We can see this in our simulation results. The chart below assigns each member of the initial population, and their children, a unique color. The simulation starts out with 100 different colors (one for each member of the population), but this quickly gets winnowed down to a much smaller number. After a few generations, the population is one uniform color, all descendents of one particular member of the initial population. (This chart is from one particular simulation run, but repeated runs will show the same behavior.)

If we redo the color coding whenever the population reaches the point where everyone is descended from a single ancestor, we see that this happens repeatedly. In the chart below, the population at generation 48 are all descendants of one particular member of the population who lived in generation 25. At generation 80, they’re all descendants of one particular member alive from generation 48.

In evolutionary biology, this phenomenon is known as “clonal interference”: if two different beneficial mutations arise in different members of the population of the same generation they can’t be shared and so they end up competing against each other, and one beneficial mutation ultimately gets wiped out.

Image of clonal interference via wikipedia. In the bottom image of an asexually reproducing population, beneficial mutations “B” and “A” appear in different lineages, but then “B” is wiped out, only reoccuring later through mutation and subsequently spreading through the population. In the top representation of a sexually reproducing population, B and A independently arise but can quickly be shared, spreading through the population much faster.

With a sexually reproducing population, on the other hand, useful mutations can be shared much more easily. In an asexual population, a member has one parent, one grandparent, one great-grandparent, and so on. But in a sexual population, a member has two parents, four grandparents, eight great-grandparents, etc. Beneficial variation from earlier generations can spread much more easily.

We can see this in the graph below, which shows the proportion of genes of the original members of a sexually reproducing population represented in the gene pool at any given time. We can see that the proportion stays very high: genes from almost 75% of the original population are found in the population after 34 generations.

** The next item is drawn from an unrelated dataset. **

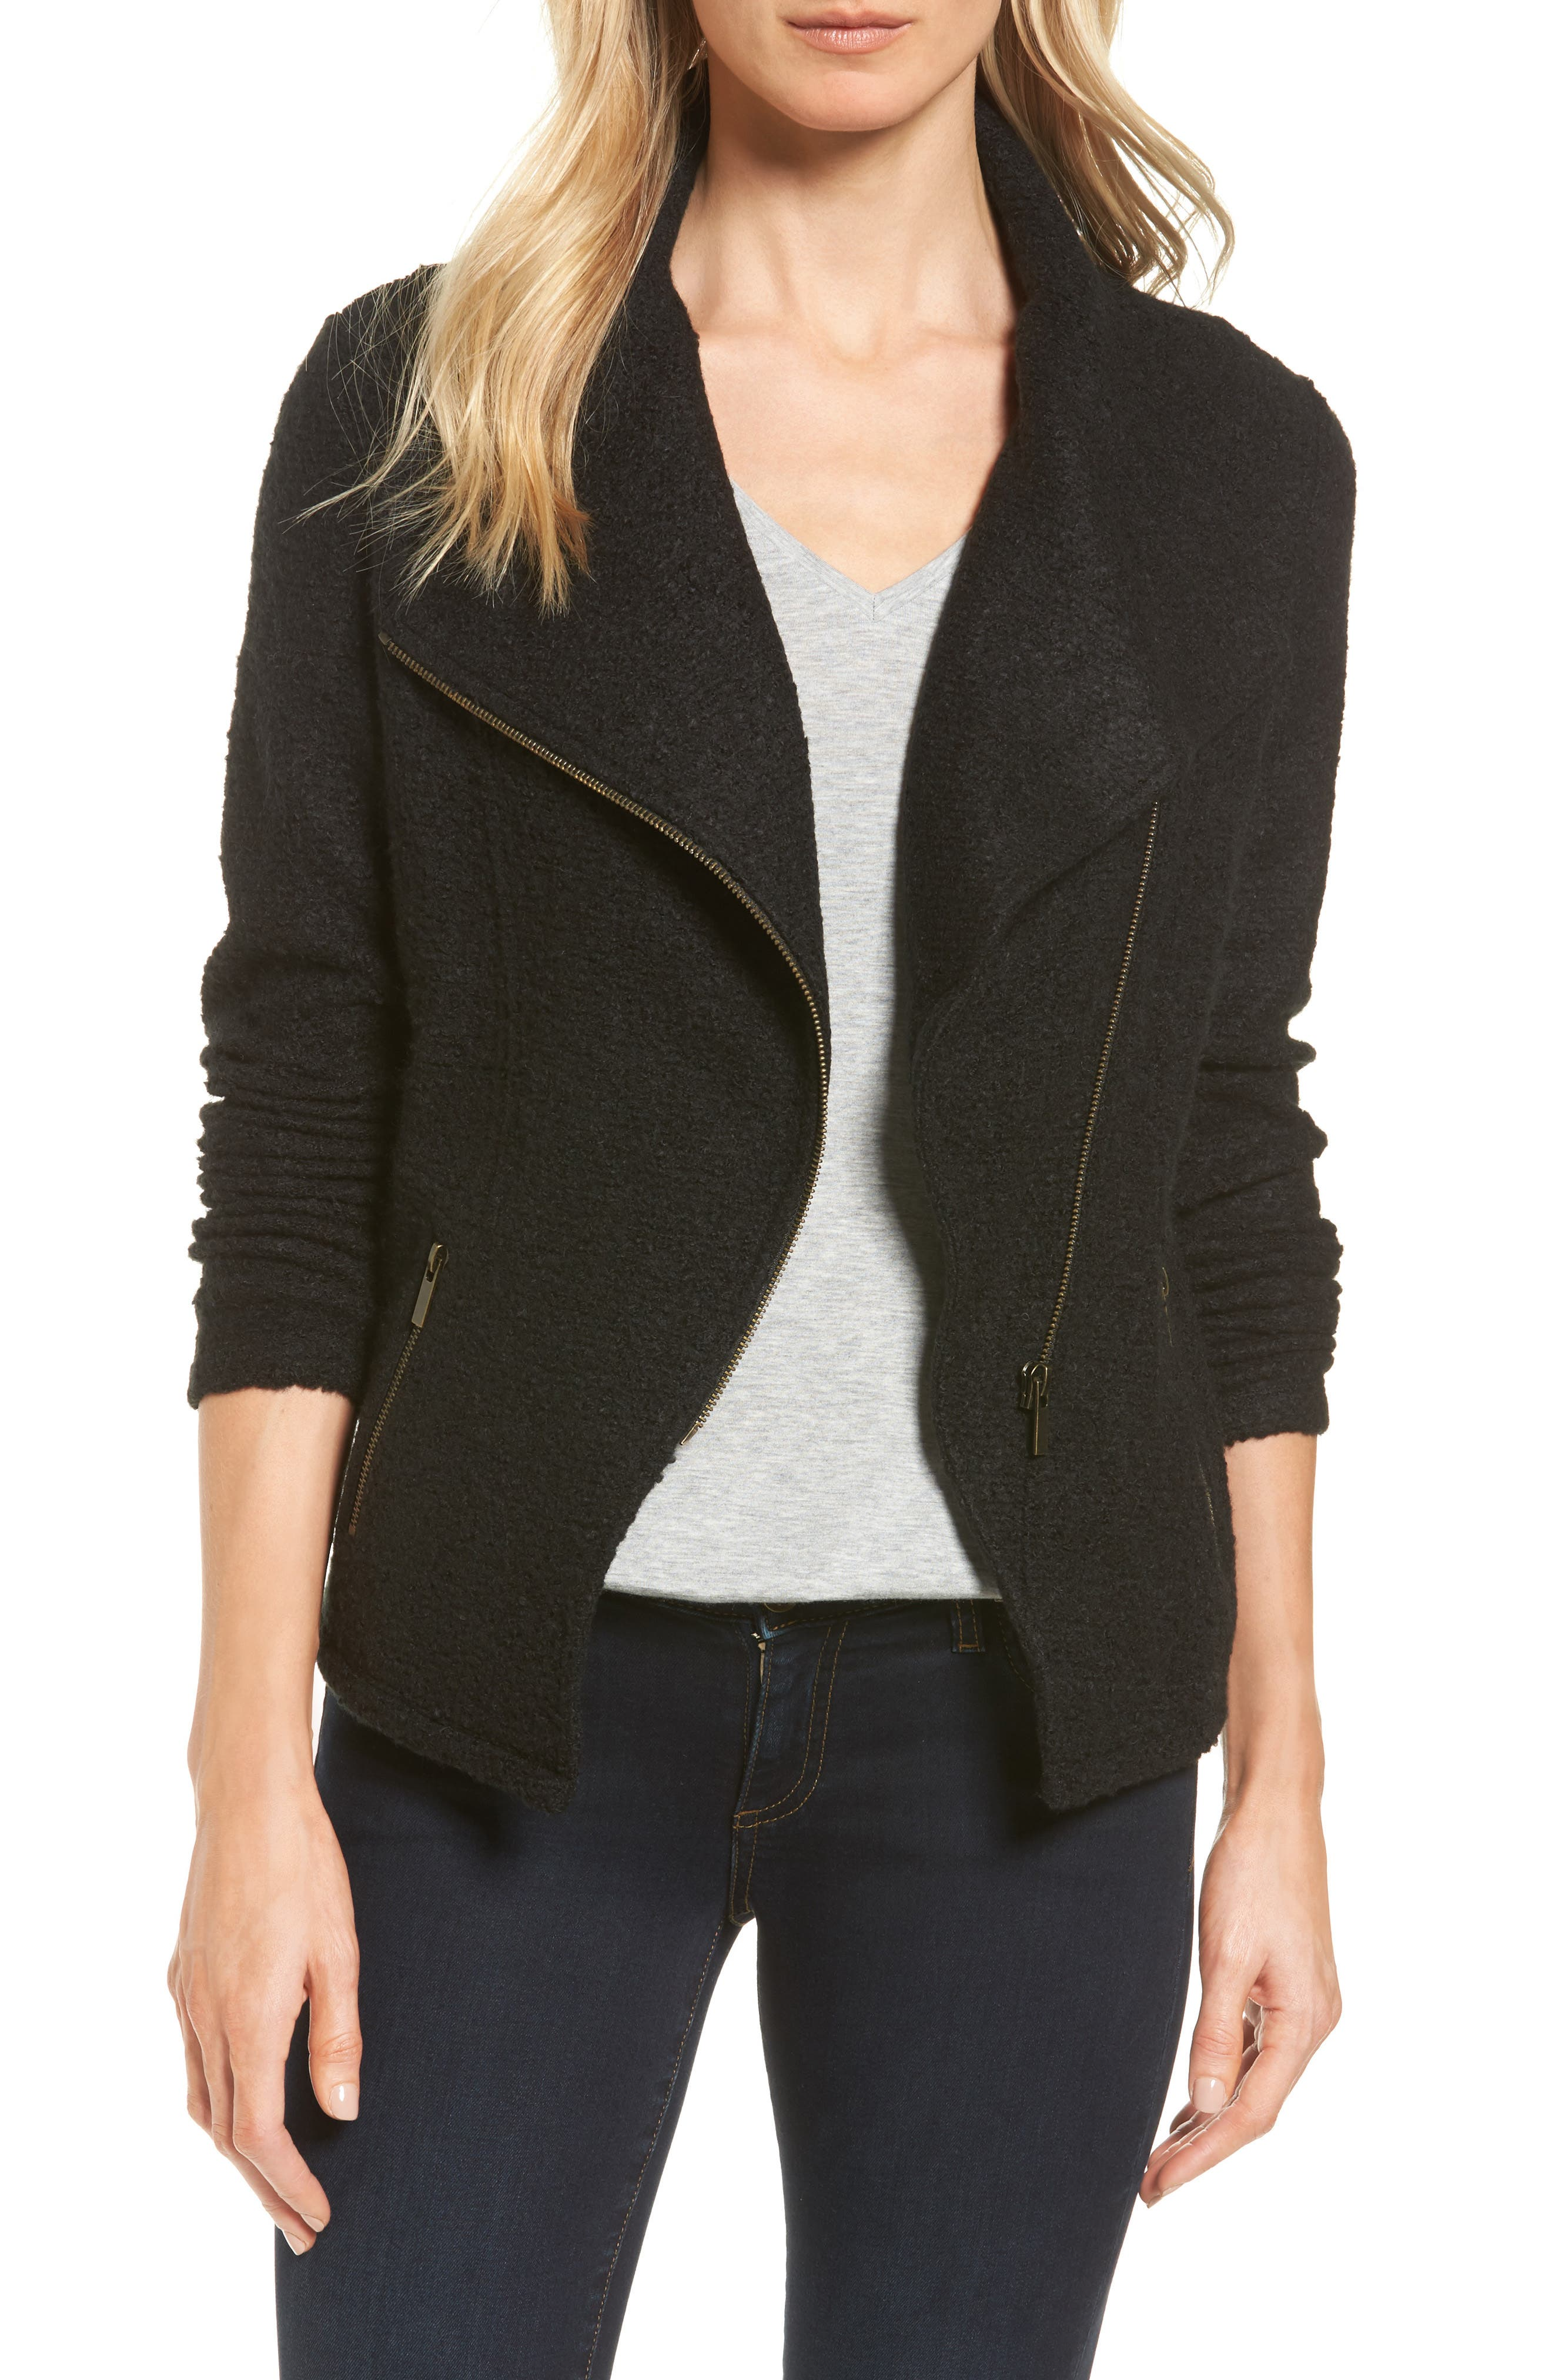 Alternate Image 1 Selected - Halogen® Knit Moto Jacket (Regular & Petite)

In the asexual population, this was 1% (and would be even lower in larger populations, since it’s just 1/total starting population).

We previously noted that Brian Arthur’s circuit simulation took advantage of modularity, finding useful subcomponents, locking in their designs, and then using those to build more complex technologies. Once the simulation finds a 3-way AND gate, it can use that to make a 4-way AND gate, which it can use to make a 5-way AND gate. We likewise noted that if you’re trying to build an 8-bit adder by randomly combining NAND gates together, it’s vastly easier if you can add one NAND gate at a time and verify you’re correct than if you have to guess all 68 gates at once.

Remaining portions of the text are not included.